Introduction

Taylor Swift’s music has been influential since the beginning of her career. At just 16 years old, she had a song in the Billboard Top 100 – an accomplishment that many artists never reach in their entire career. Nearly two decades later, her music still makes an impact, whether it be the release of her lastest album Midnights or the record breaking sales of the Eras Tour.

People love Swift’s music for many reason including her lyricism, music variety, unique production, or a combination of all of these. While Swift has accomplished many things over the years, I have been curious to see what exactly makes her music so popular.

Figure

Why Do Songs Get Popular

Because Taylor Swift’s music is so influential, both to listeners and other artists, I want to determine what aspects of her most popular songs have actually made them so popular. While it is true that Swift’s reputation in the music industry has played a role in her continued success, it is also important to note that trends among her own songs may be indicators for what makes songs from her own work stand out more from others.

Figure

What Does the Data Say?

For this project, I use three datasets to look into Taylor Swift’s song popularity. A dataset corresponding to song characteristics and popularity was available for use on Kaggle. A free access dataset from data.world contains all of Swift’s songs and their lyrics. The last dataset used was available on Billboard Top 100 which gives information on Swift’s song’s appearances on this chart.

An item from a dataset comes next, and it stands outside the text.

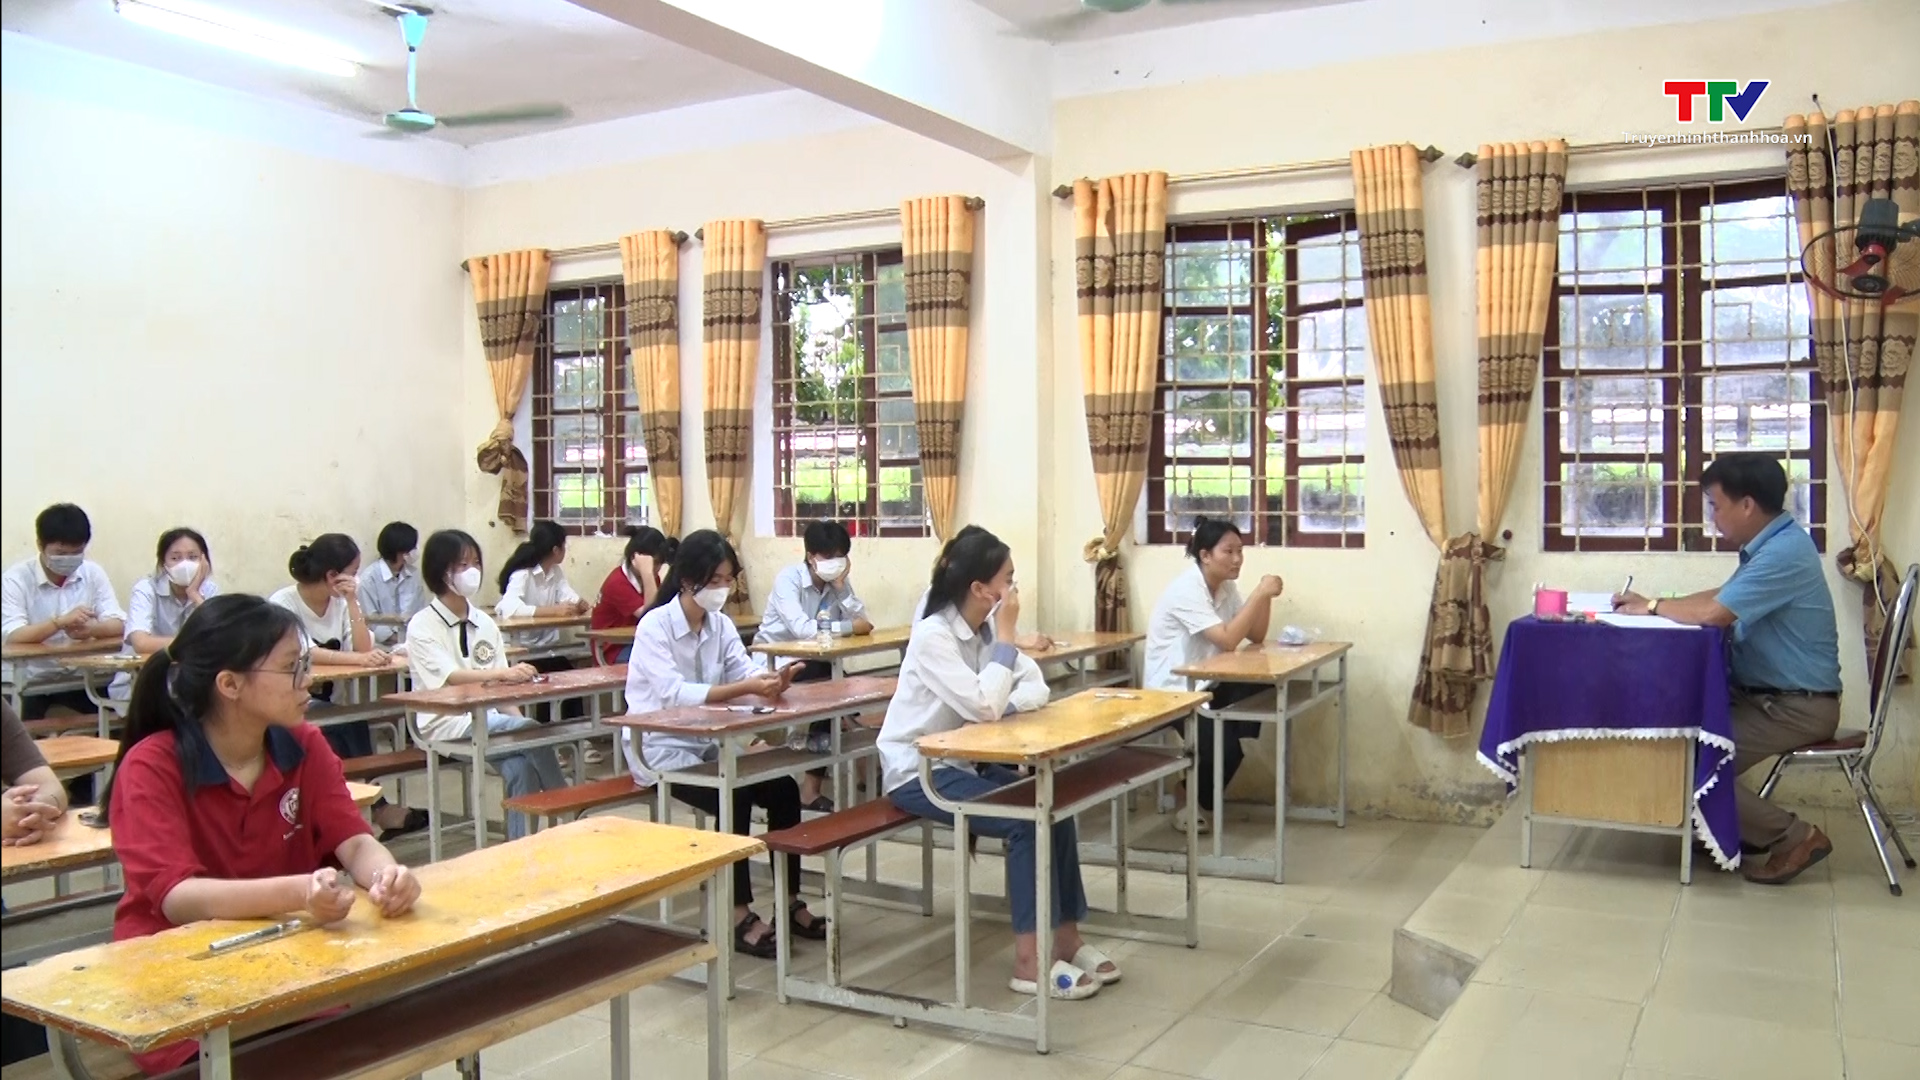 Hơn 1.000 thi sinh huyện Cẩm Thủy bước vào ngày thi đầu tiên - Ảnh 2.

Complete code and data can be found in this GitHub Repo.

Data Collection

Tools

I used Python, Requests, and BeautifulSoup to get this data. Because I web-scraped the Billboard Top 100 songs page, I used the Requests package to ensure that the data I collected was available to use.

Billboard Top 100 Data Web-Scraping

BeautifulSoup Prep

  1. Import the necessary packages with the following code:

    from bs4 import BeautifulSoup import requests import lxml import pandas as pd import regex

  2. To access the website from Python, we will first copy the URL and save it as a varible.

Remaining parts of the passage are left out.